RECORDS
------------------------------------------------

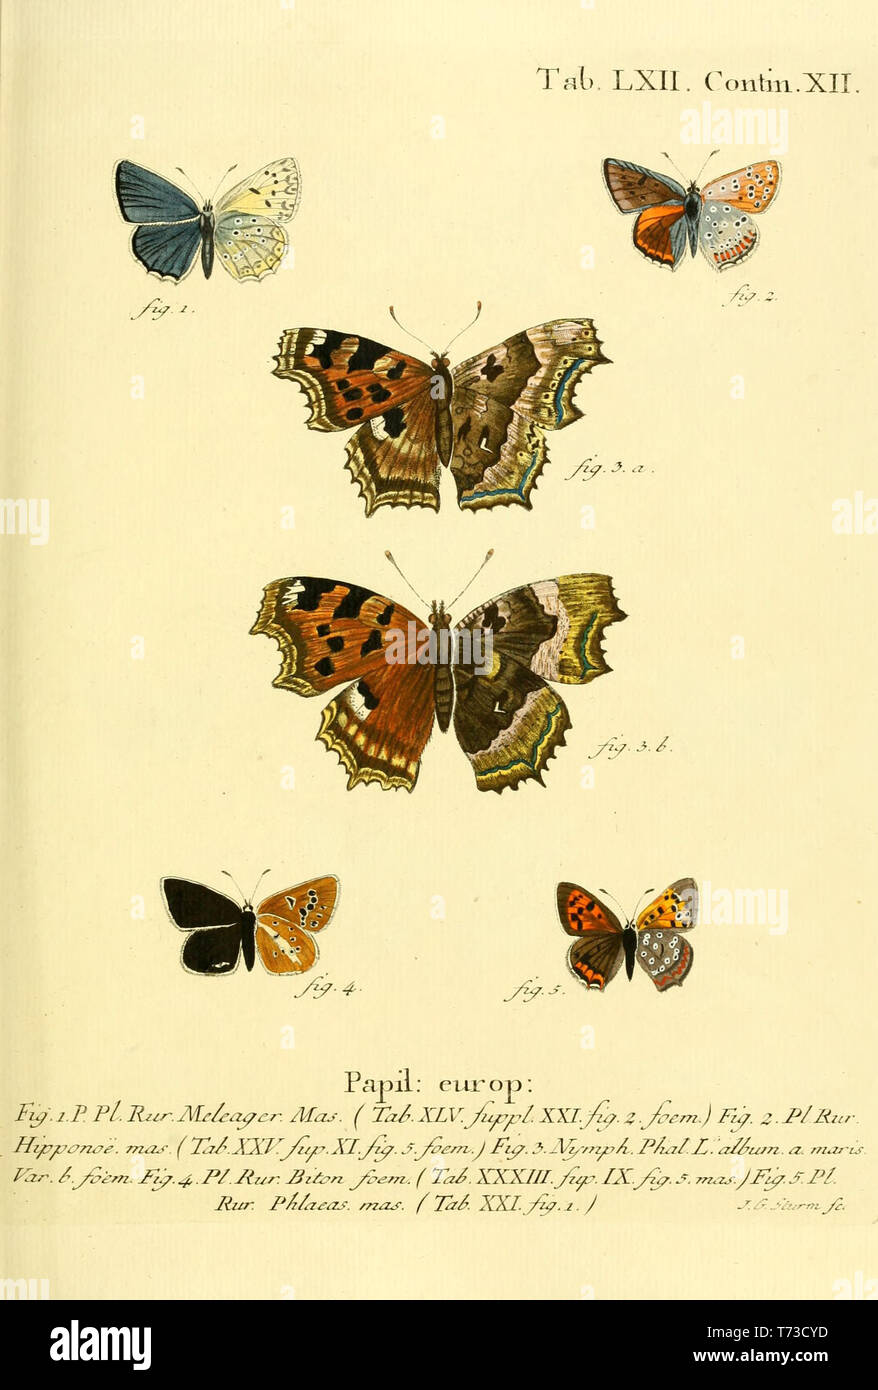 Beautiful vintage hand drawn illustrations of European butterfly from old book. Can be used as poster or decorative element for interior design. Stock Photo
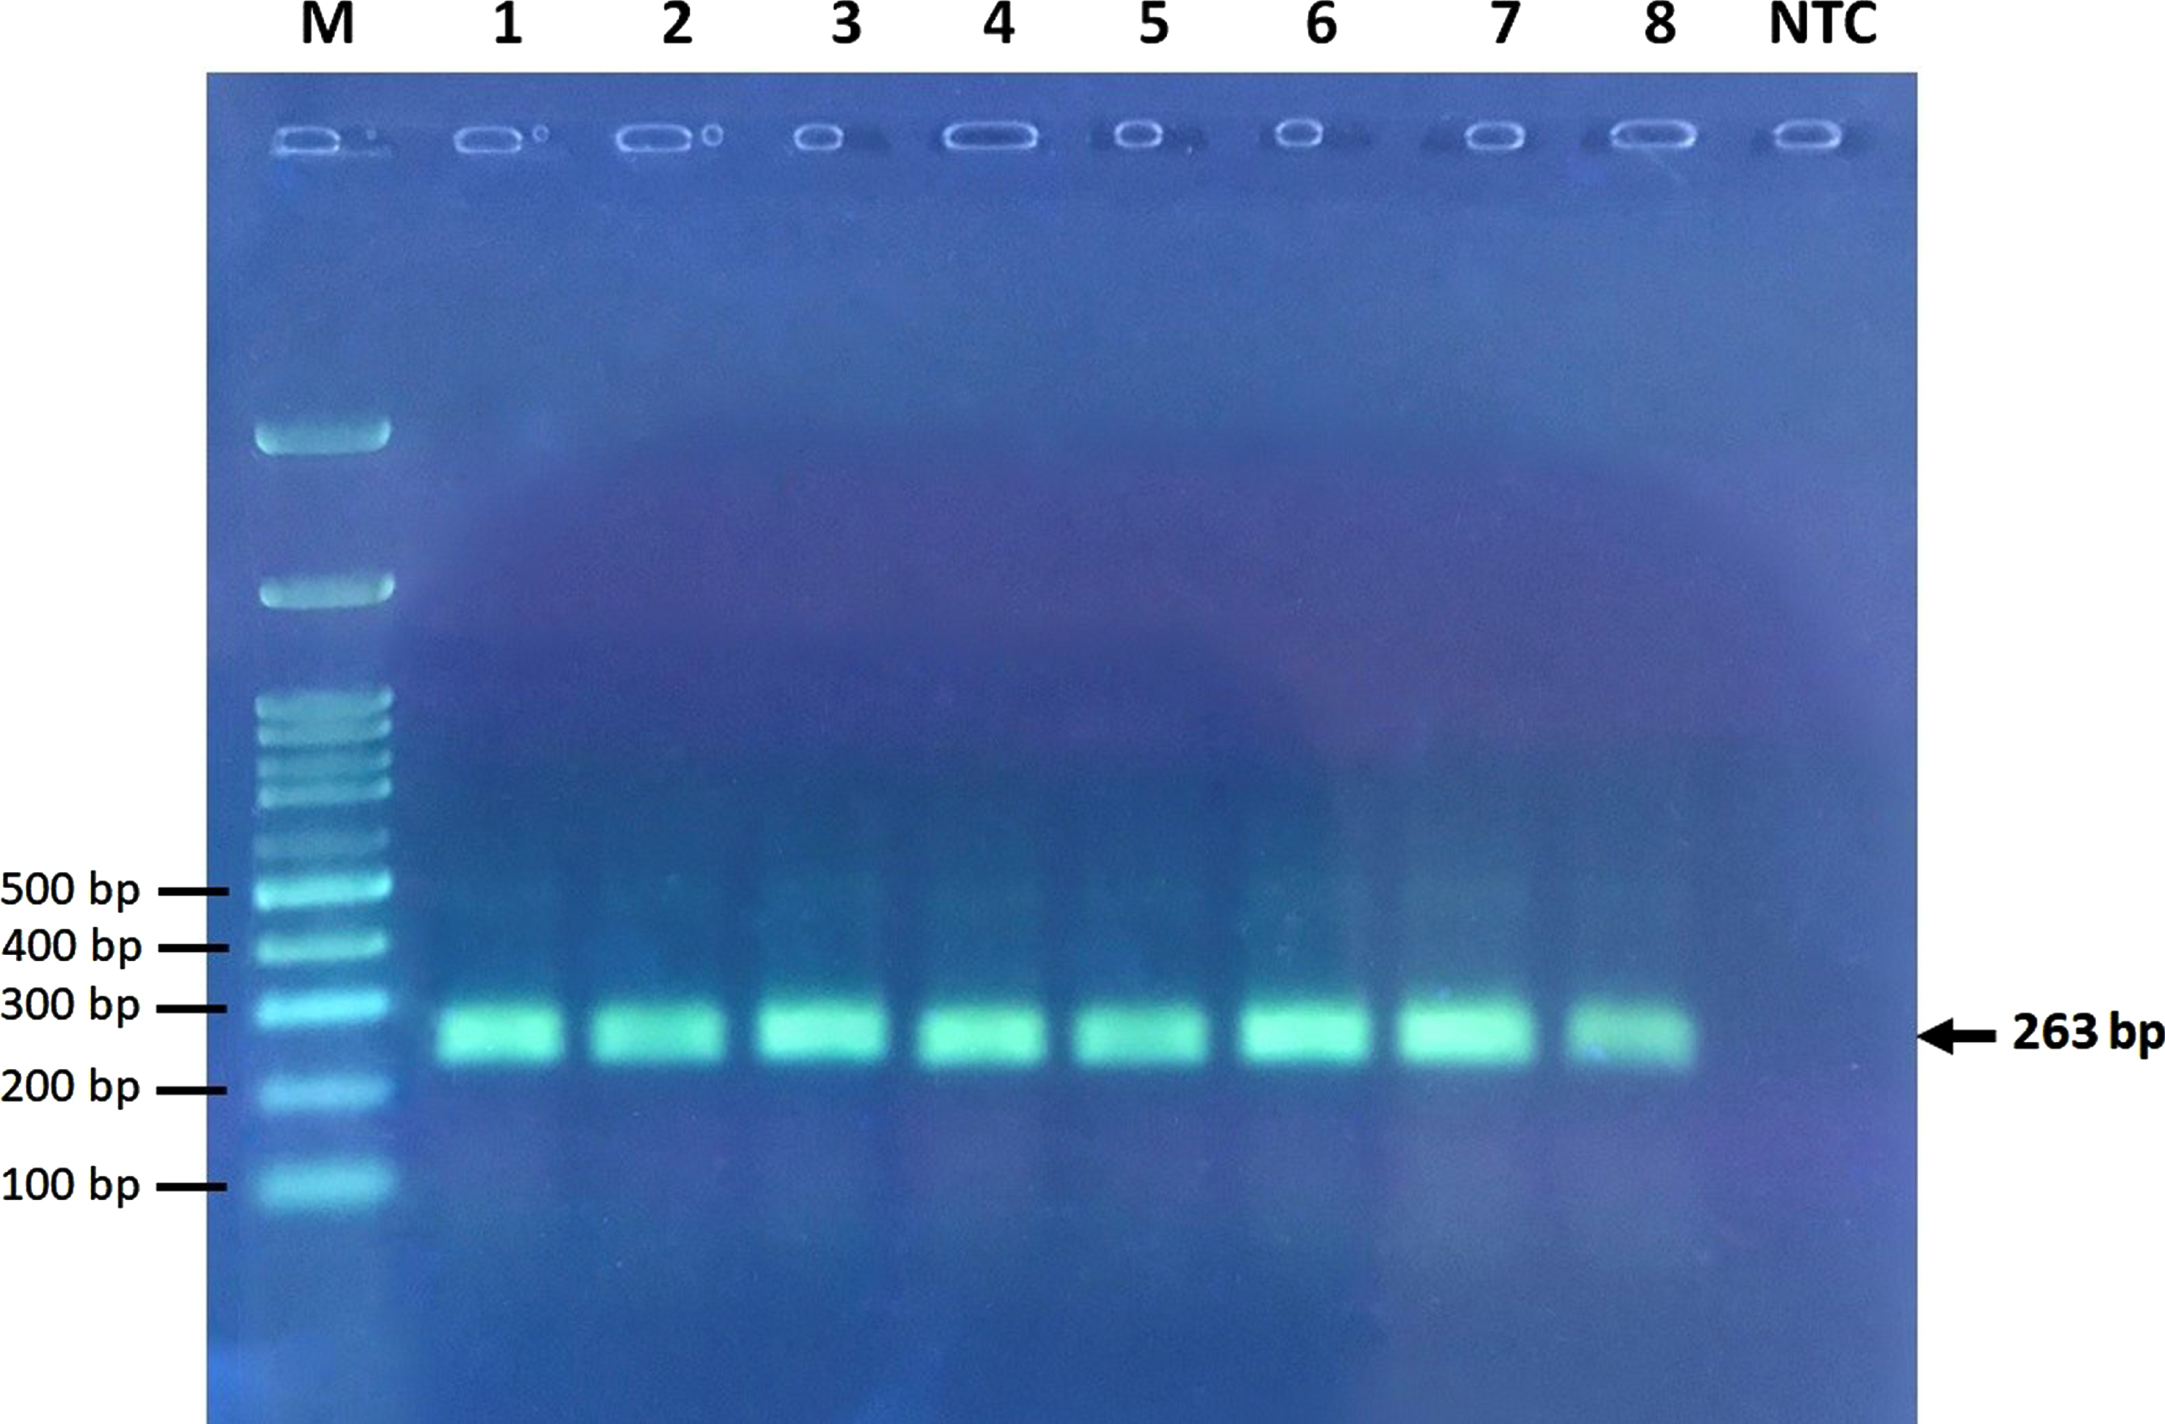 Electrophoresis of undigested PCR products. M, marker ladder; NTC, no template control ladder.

------------------------------------------------

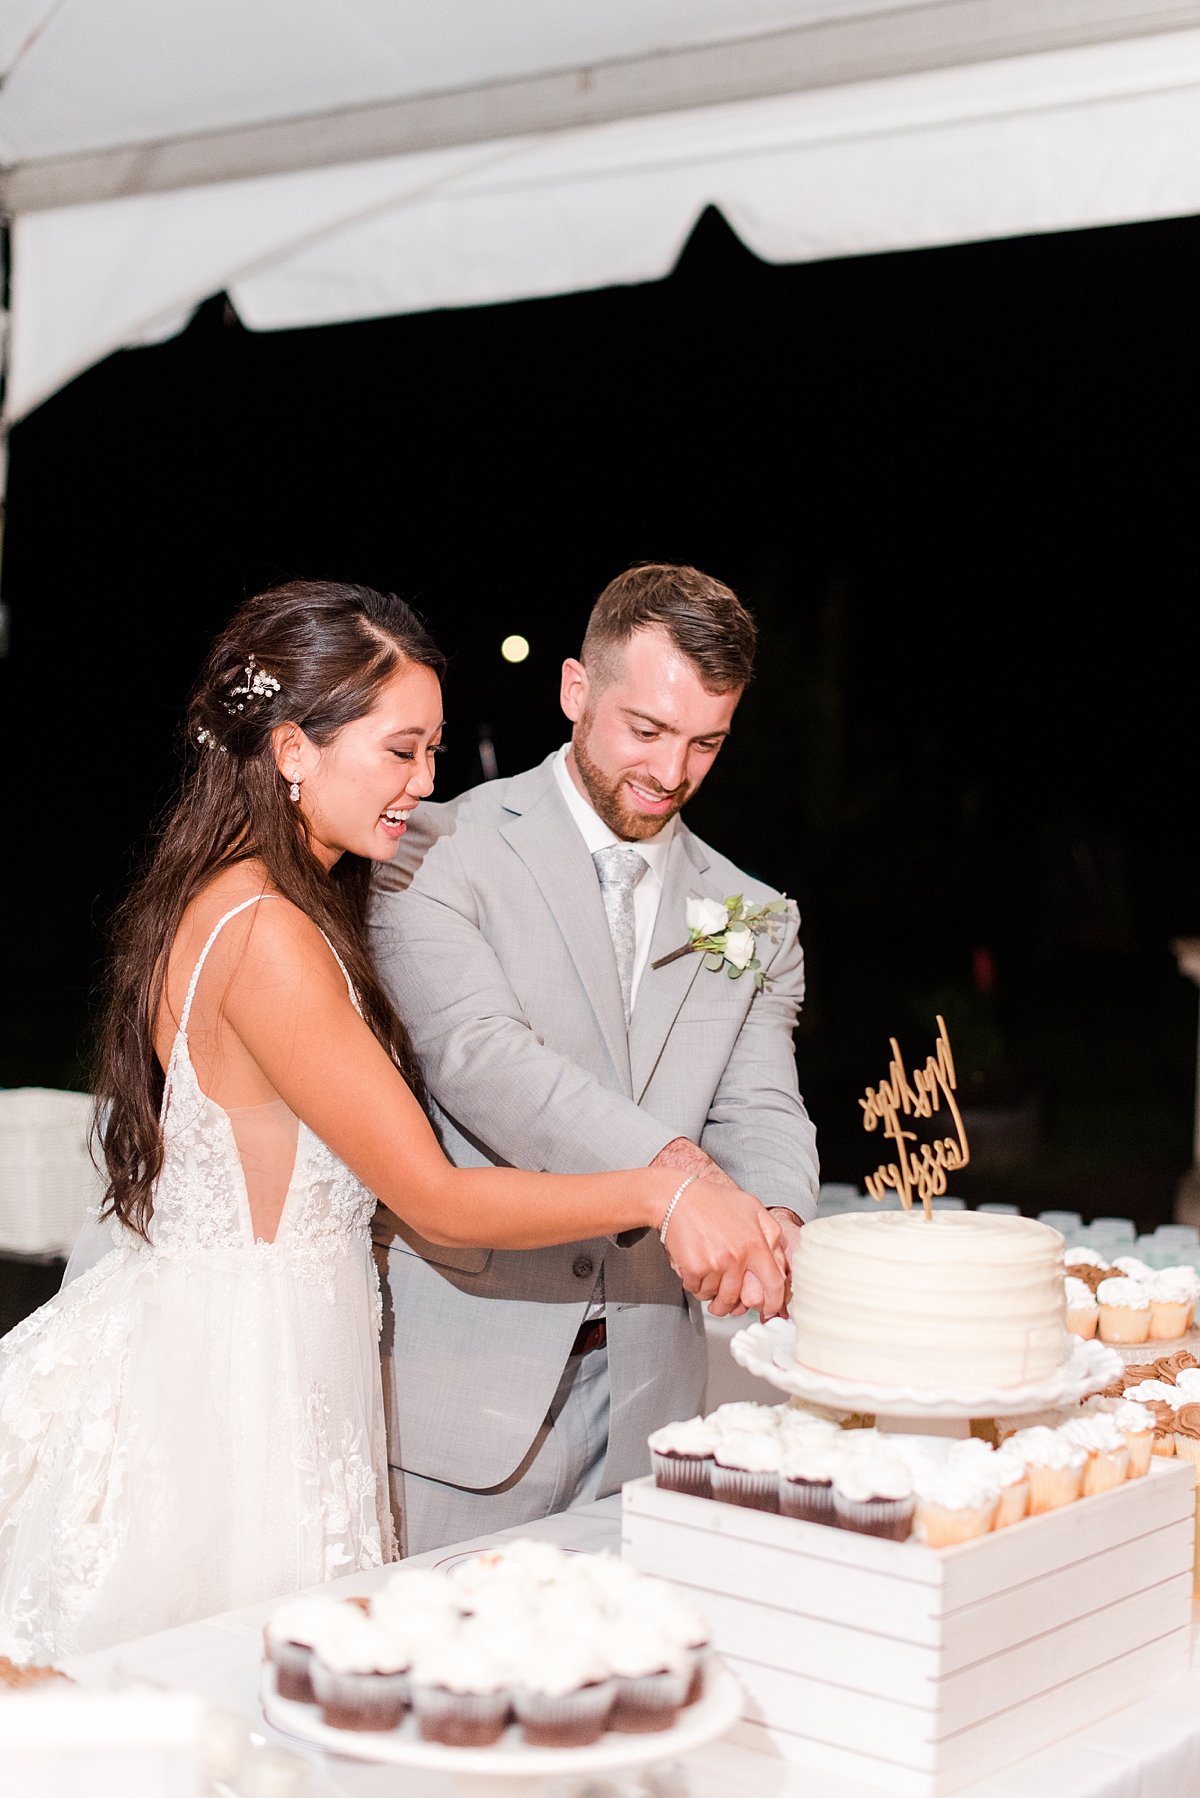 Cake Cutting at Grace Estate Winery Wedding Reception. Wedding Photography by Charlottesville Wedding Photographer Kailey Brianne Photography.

------------------------------------------------

WHAT THE TASK REQUIRES
What are the lines in the records above, word for word, from the one containing "Beautiful vintage hand" through the one containing "Electrophoresis of undigested", both ends included and pictures left out?

TASK OUTPUT
 Beautiful vintage hand drawn illustrations of European butterfly from old book. Can be used as poster or decorative element for interior design. Stock Photo
 Electrophoresis of undigested PCR products. M, marker ladder; NTC, no template control ladder.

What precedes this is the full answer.